Home

Awesome

GenView: Enhancing View Quality with Pretrained Generative Model for Self-Supervised Learning (ECCV 2024)

GenView Framework

This repository contains the official implementation of GenView: Enhancing View Quality with Pretrained Generative Models for Self-Supervised Learning, presented at ECCV 2024.

GenView: Enhancing View Quality with Pretrained Generative Model for Self-Supervised Learning<br> Xiaojie Li^1,2, Yibo Yang^3, Xiangtai Li^4, Jianlong Wu^1, Yue Yu^2, Bernard Ghanem^3, Min Zhang^1<br> ^1Harbin Institute of Technology (Shenzhen), ^2Peng Cheng Laboratory, ^3King Abdullah University of Science and Technology, ^4Nanyang Technological University

πŸ”¨ Installation

Follow the steps below to set up the environment and install dependencies.

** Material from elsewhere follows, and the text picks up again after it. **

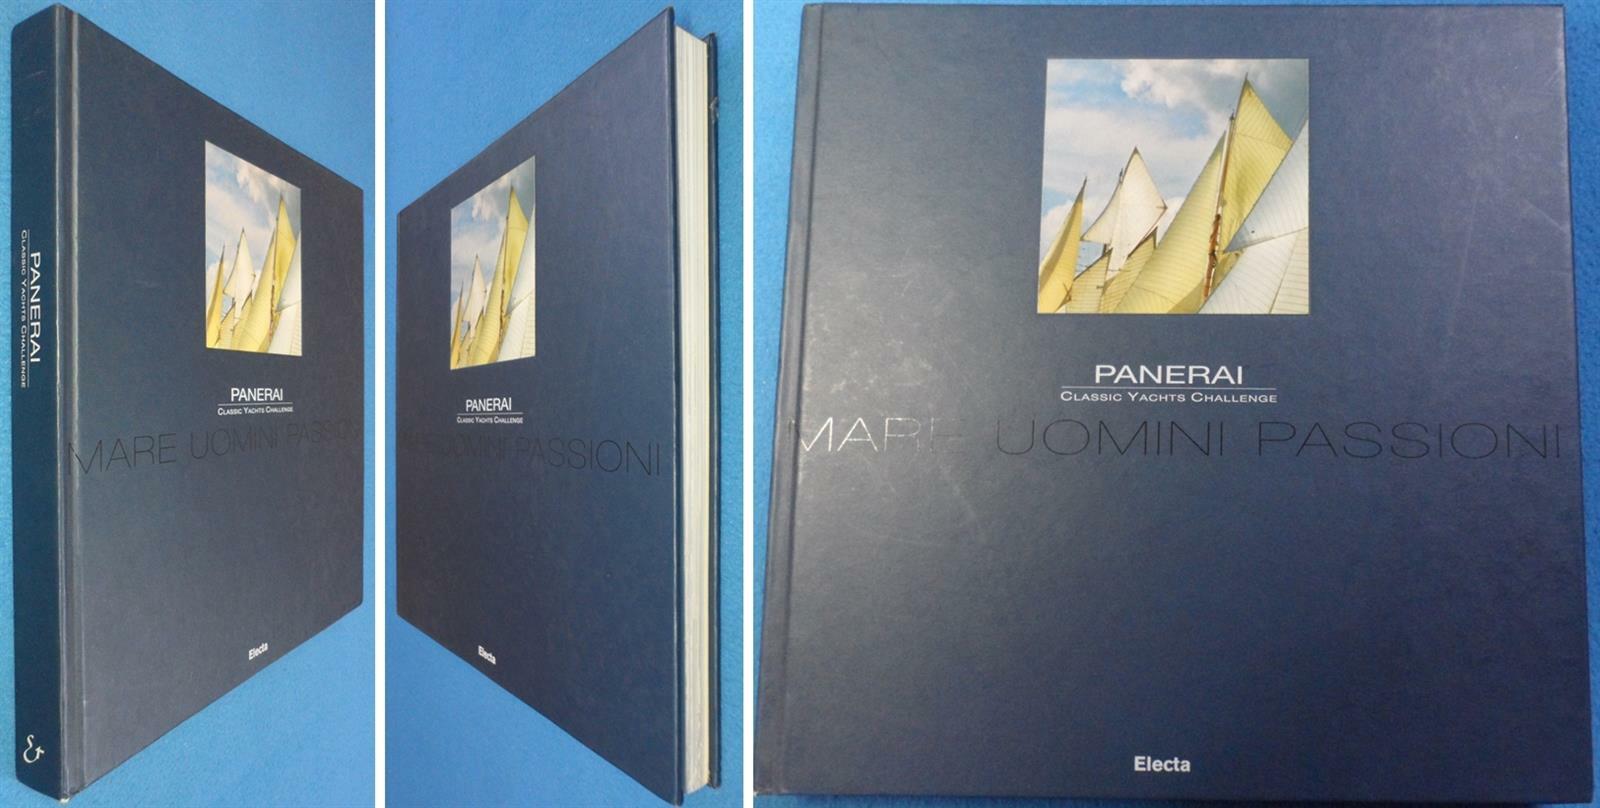 [중고] Panerai: Classic Yachts Challenge/Mare Uomini Passioni   ISBN 8837047444 ☞ 상현서림 ☜/ 사진의 제품 /

Step 1: Create and Activate a Conda Environment

Create a new Conda environment with Python 3.8 and activate it:

conda create --name env_genview python=3.8 -y
conda activate env_genview

Step 2: Install Required Packages

You can install PyTorch, torchvision, and other dependencies via pip or Conda. Choose the command based on your preference and GPU compatibility.

# Using pip
pip install torch==2.0.1+cu117 torchvision==0.15.2+cu117 torchaudio==2.0.2 --index-url https://download.pytorch.org/whl/cu117

# Or using conda
conda install pytorch==2.0.1 torchvision==0.15.2 torchaudio==2.0.2 pytorch-cuda=11.7 -c pytorch -c nvidia

# Install additional dependencies
pip install timm==0.9.7 open_clip_torch==2.22.0 diffusers==0.21.4 huggingface_hub==0.17.3 transformers==4.33.3

Step 3: Clone the Repository and Install Project Dependencies

Clone the GenView repository and install the required dependencies using openmim:

git clone https://github.com/xiaojieli0903/genview.git
cd genview
pip install -U openmim
mim install -e .

Apply modifications to open_clip and timm:

sh tools/toolbox_genview/change_openclip_timm.sh

πŸ“· Adaptive View Generation

We utilize the pretrained CLIP ViT-H/14 backbone, which serves as the conditional image encoder in Stable UnCLIP v2-1, to determine the proportion of foreground content before image generation. This backbone processes an input resolution of (224 \times 224) and generates 256 tokens, each with a dimension of 1280.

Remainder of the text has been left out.